So, in my CS class we're working with Recursion. We were given 4 basic rules:
1. Base Case: You must always have a base case.
2. Making progress: Recursive calls must be simpler instances of the problem
3. Design Rule: Assume Recursive calls work
4. Compound Interest Rule: Never duplicate work by solving the same instances of the problem multiple times.
I don't really understand the 3rd and 4th rules much, could anyone give a better understanding of them?
Also, a little extra question, how do I go about rewritting an expression to another expression of the form 2^f(n)? For example, 1024 * 2^n be rewritten to the form 2^f(n)? Appreciate any help on either of these.
>>372612
Is this data structures? I haven't read the textbook yet desu
>>372622
Yep, Data Structures.
>>372612
These are rules on making recursive functions, I assume. Let's use merge sort as an example.
1) The base case is one item, which is sorted by definition.
2) When you recurse, you're operating on 2 lists with half the size. The size always goes toward 1.

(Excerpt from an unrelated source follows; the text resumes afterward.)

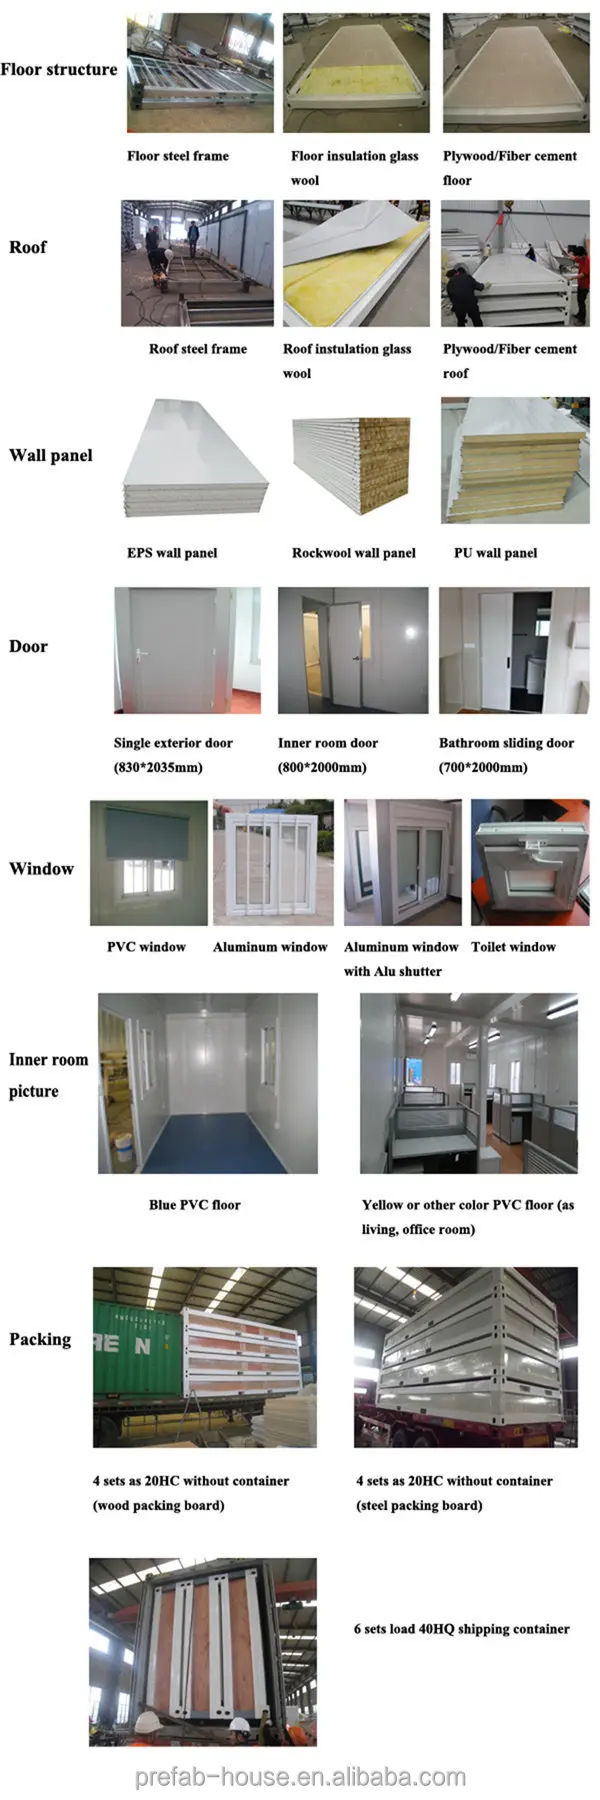 Lida Group homes made out of metal containers Suppliers used as office, meeting room, dormitory, shop-8

3) When you call merge sort on the left and right halves of a list, and you are creating the code for after the recursive calls return, remember that by definition, those two halves are sorted. This may seem obvious, but some people get confused trying to understand what's going on. It's kind of like a time loop in a movie. This rule (and rule 4) drive your method for constructing the actual solution - in this case, it means you can step through the two halves of the list in linear time to combine them into one. You should be able to articulate how to construct a combined solution given partial solutions, if your procedure actually makes sense to do recursively.
4) This one seems self-explanatory. For merge sort, it means we would never have overlapping lists. A call that operated on indices 0-5 and 5-9, for instance, is performing extra work because index 5 is included in both lists.
As for your second question, I think you can log (base 2) both sides to solve for f(n).
log_2(2^f(n)) = f(n).
log_2(1024*2^n) = log_2(1024) + log_2(2^n) = 10 + n.
I'm sure it gets trickier for other expressions, but that's the idea.
>>372635
Ah, I understand now. Thanks anon, you saved my bacon.